We studied a clinical strain pair of DAP-S (S613) and DAP-R (R712) E. faecalis strains recovered from a patient before and after DAP therapy. We generated deletions of liaX and PBPs (ponA and pbp5) in DAP-susceptible (DAP-S) E. faecalis OG1RF and JH2-2. APLs and membrane structures were visualized with NAO and/or FM4-64. PBPs and LiaX localization was evaluated with bocillin-FL or immunofluorescence. PBP transcripts and PBP5 protein levels were measured by qRT-PCR or immunoblotting, respectively. β-lactam binding affinity of PBPs was assessed by SDS-PAGE of bocillin-FL stained membranes and a LiaX-PBP5 interaction was evaluated by the bacterial two-hybrid (BACTH) system. MICs were determined via E-test.

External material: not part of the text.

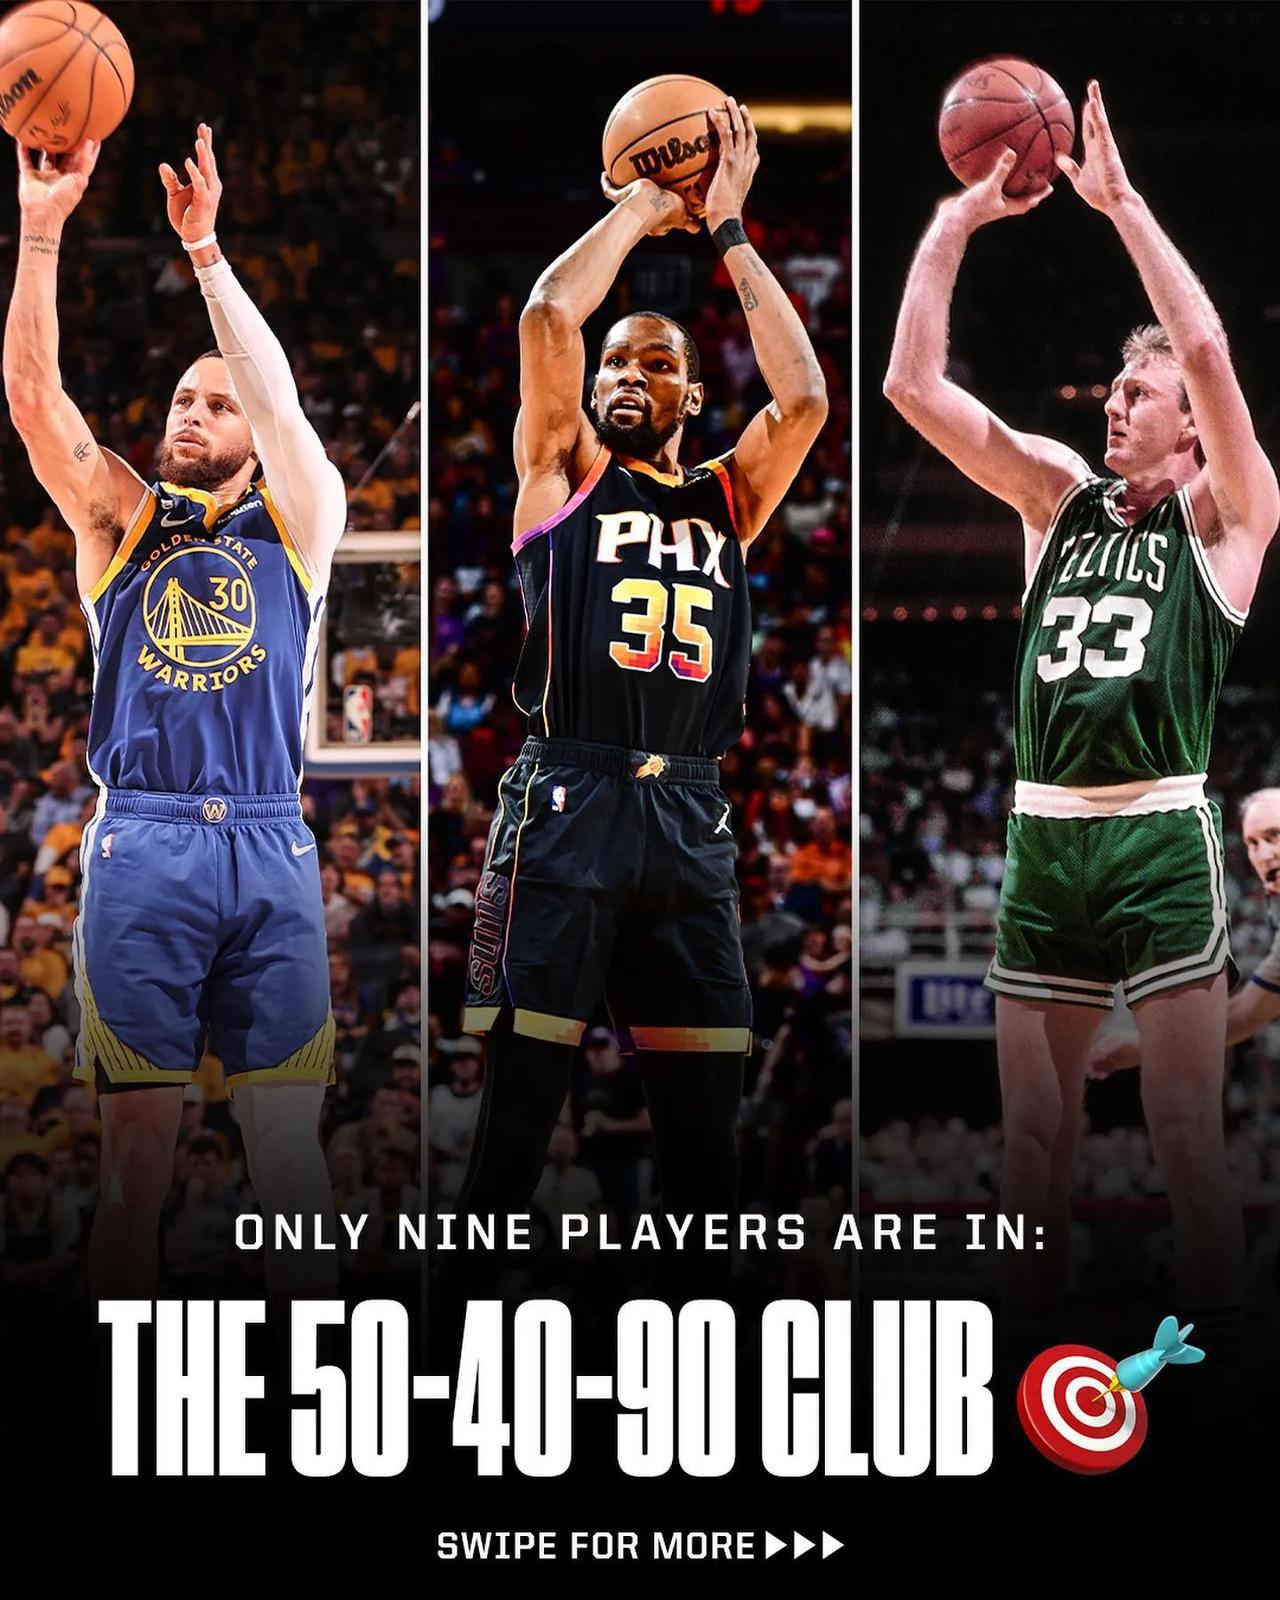 美媒列出了NBA历史上进入过180俱乐部的9名球员
现役斯蒂芬库里、凯里欧文和凯(1)

Deletion of liaX led to DAP-R and redistribution of APL microdomains (non-septal foci with CM aberrations; Fig 1A) in all strains, with a marked decrease in ceftriaxone (CRO) MICs. Only PBP5was essential for β-lactam resistance but not for DAP-R. DAP-R was associated with mislocalization of PBPs to the sites of CM aberrations (Fig. 2). Notably, LiaX and PBP5 were localized to the septum in DAP-S strains but redistributed away from septal areas upon development of DAP-R (Fig 3). An interaction of LiaX and PBP5 was confirmed by the BACTH system. Mislocalized PBPs, most notably PonA and PBP5, had increased affinity for β-lactams in all DAP-R strains. The increased affinity of PBPs to β-lactams was not associated with increased transcripts or PBP5 levels.
LiaX regulates CM adaptation and cell wall synthesis via membrane remodeling and direct interactions with key PBPs. Changes in LiaX that cause DAP-R results in mislocalization of PBPs to non-septal areas and likely increases access of β-lactam to the active site, explaining the seesaw effect.